Но в мыслях все равно пульсировало: "Скорей бы вернулся, скорей бы вернулся!"
Лариса намазала маслом кусок хлеба и наскоро перекусила. Как и Сергей, она не любила плотно завтракать, тем более сейчас ей и вовсе не хотелось есть.
Сполоснув под краном кружку из-под чая, она прошла в зал. Передачи по телевизору еще не начались, но нужно было себя чем-нибудь занять, чтобы отвлечься от неприятных мыслей. Вязание не поможет. Включила верхний свет. Подошла к "стенке" и взяла с книжной полки "Сестру Керри" Драйзера. Дома Лариса читала очень редко. В основном она занималась этим на работе в ночные часы, в ожидании, когда редкий полуночник заскочит в магазин за бутылкой водки или пачкой сигарет. Но сейчас это был единственный способ хоть как-то забыться. И чтение действительно помогло. Час пролетел незаметно.

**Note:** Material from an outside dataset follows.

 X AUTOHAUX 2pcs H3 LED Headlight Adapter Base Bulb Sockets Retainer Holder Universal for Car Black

Когда Лариса, закончив читать очередную главу, взглянула на будильник, было уже начало восьмого. Пора будить дочь. Завтрак для нее готовить не надо – накормят в садике. А пока соберутся, пока дойдут – вот и еще один час пролетит и приблизит вечер.

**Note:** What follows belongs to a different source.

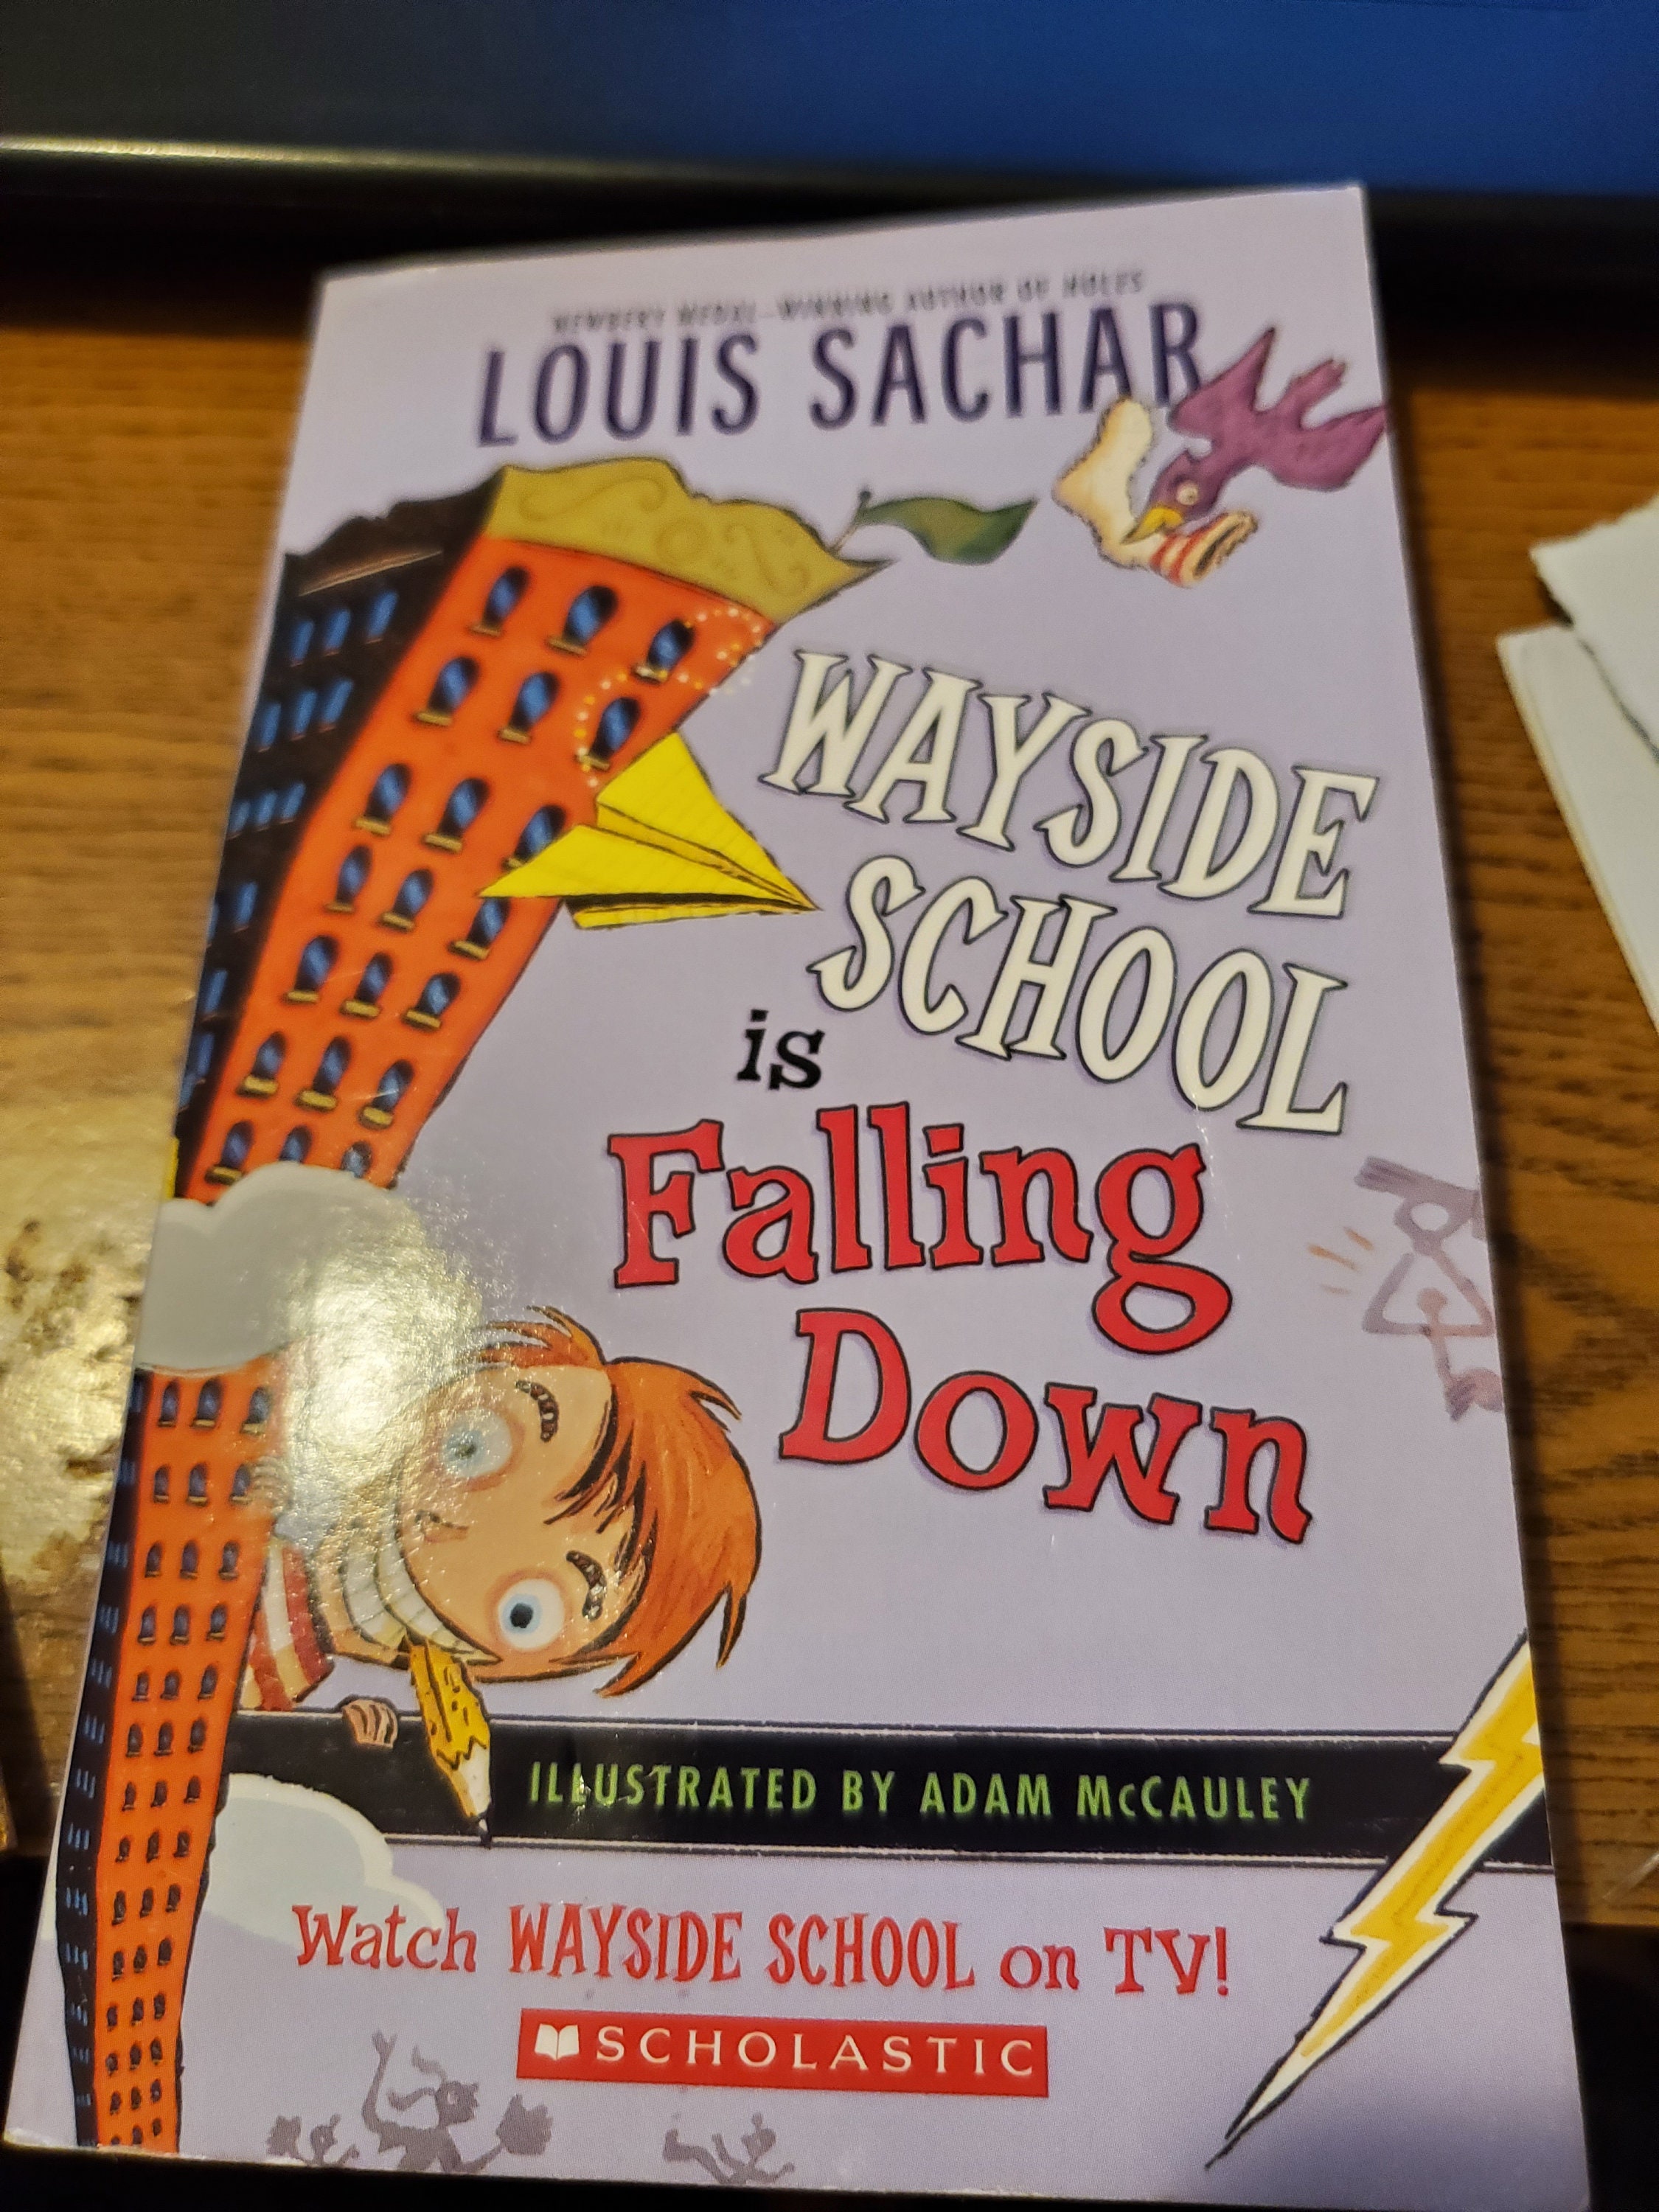 Wayside School is Falling Down, Louis Sachar Lit Link/Novel Study Grad

Лариса закрыла книгу, положила ее на журнальный столик и пошла в детскую, включив по дороге свет в коридоре. Чтобы у проснувшегося ребенка не резало глаза, свет в детской она не стала включать – вполне хватало освещения, попадающего в комнату из коридора через приоткрытую дверь.
Дочь сладко спала, подложив ладошку под пухленькую щечку. Светлые кудряшки разметались по подушке. И в кого она такая? Ни у Сергея, ни у нее волосы не вьются, да и дедов и бабок таких, кажется, не было. Но, видно, где-то, когда-то в родне что-то подобное было. И это к счастью. Дочка у них просто красавица. Тьфу-тьфу! Ярко-голубые глаза над пухленькими розовыми щечками в обрамлении этих кудряшек, слегка вздернутый аккуратненький носик, упрямо, но не капризно поджатые губки – это ли не прелесть? Вырастет – все парни будут за ней гурьбой увиваться. Тут уж к бабке не ходи.

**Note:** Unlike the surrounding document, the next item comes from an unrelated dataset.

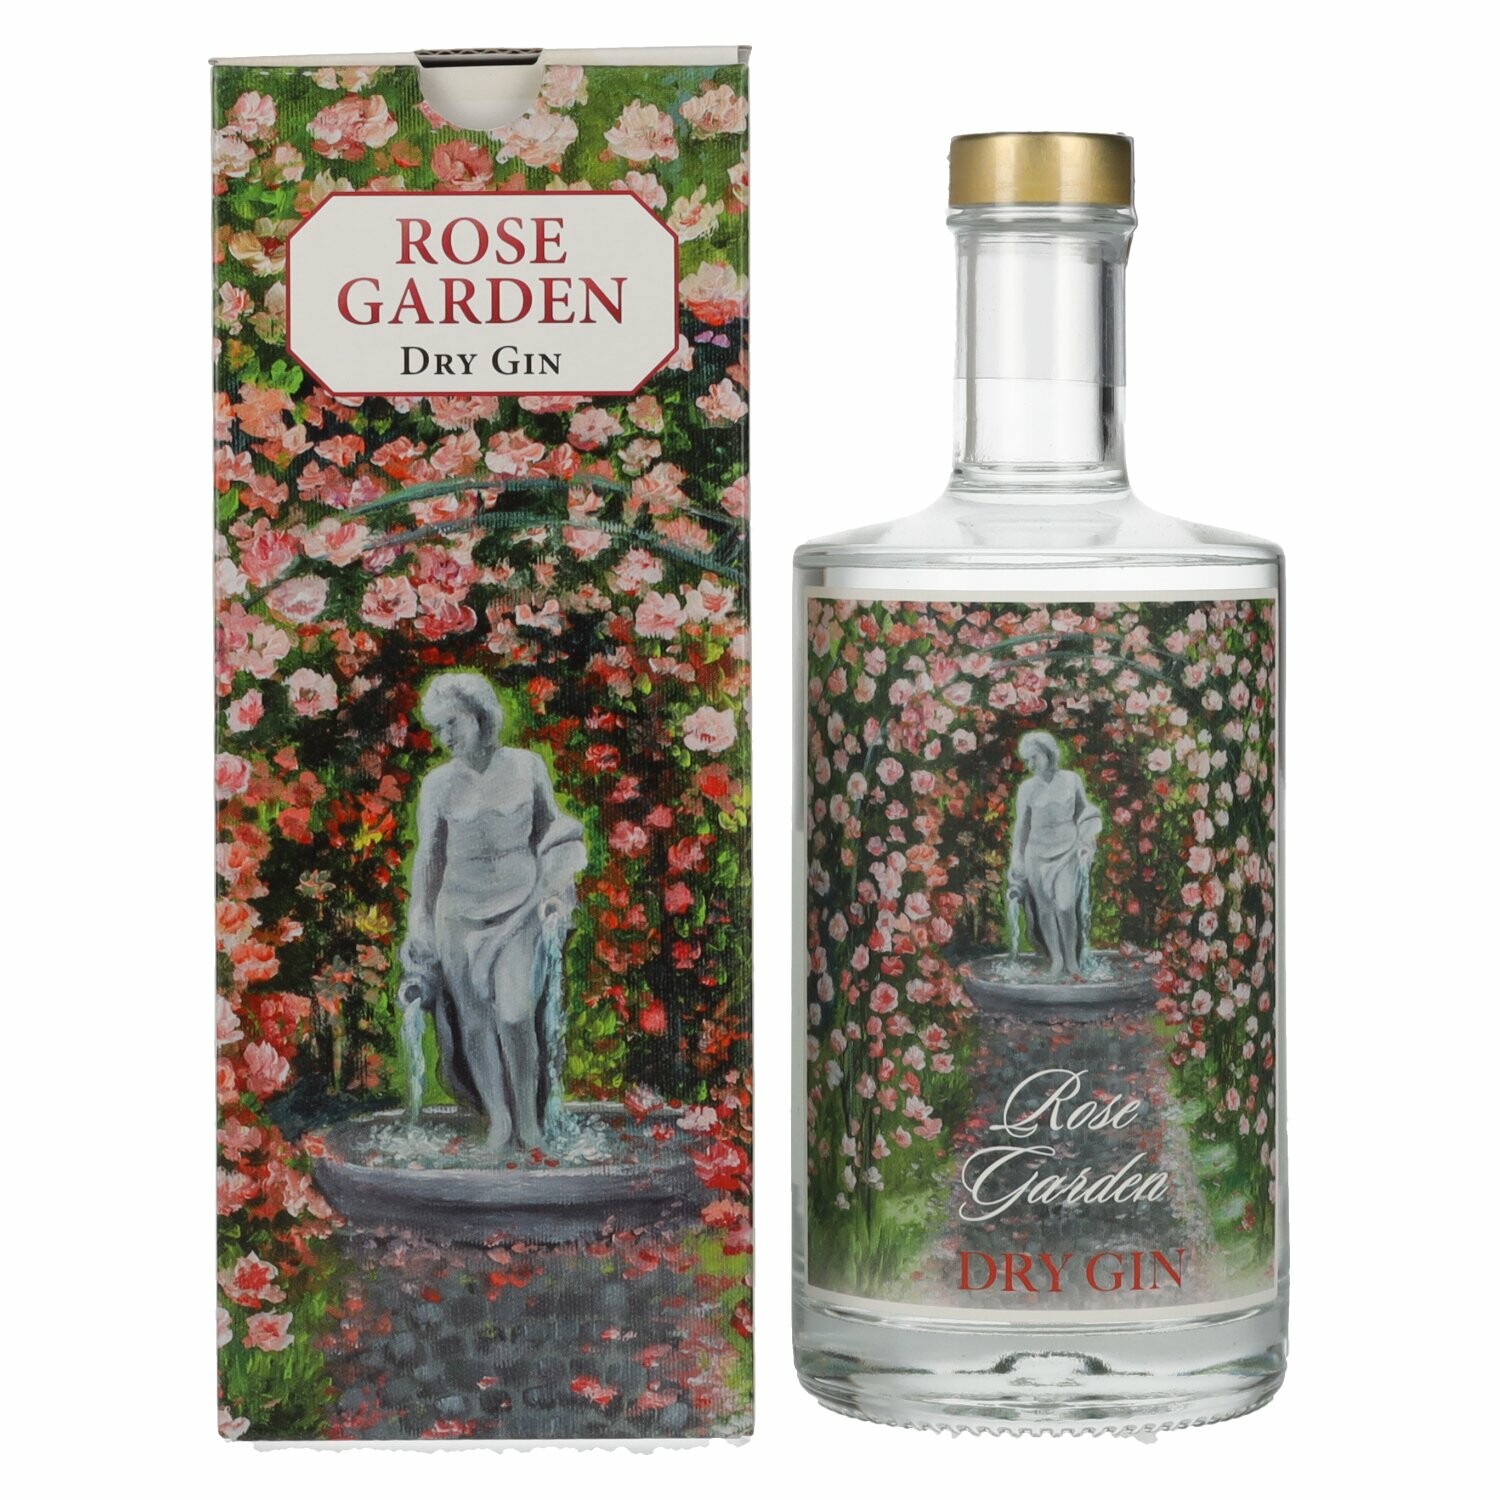 Rose Garden Dry Gin 44% Vol. 0,5l in Giftbox

– Принцесса, а принцесса, – тихо и нежно позвала Лариса, – пора вставать. Женихи тебя в садике уже заждались.
– Какие еще женихи? – донесся ей в ответ заспанный голосок дочери. Она заворочалась и перевернулась на спину, протирая глаза кулачками.
– Какие-какие… Твои женихи, – улыбнулась мать.
Ей нравилось в Танюшке, что та всегда легко поднималась. Не надо было будить и уговаривать по несколько минут. В отличие от многих других детей, для которых детский сад был сущим наказанием, дочь шла туда с нескрываемым удовольствием. Она вообще обожала всякие детские компании и коллективы, где постоянно сама и была заводилой. Ее обаяние сразу же перерастало во влияние, непонятным образом распространяющееся на всех детей рядом.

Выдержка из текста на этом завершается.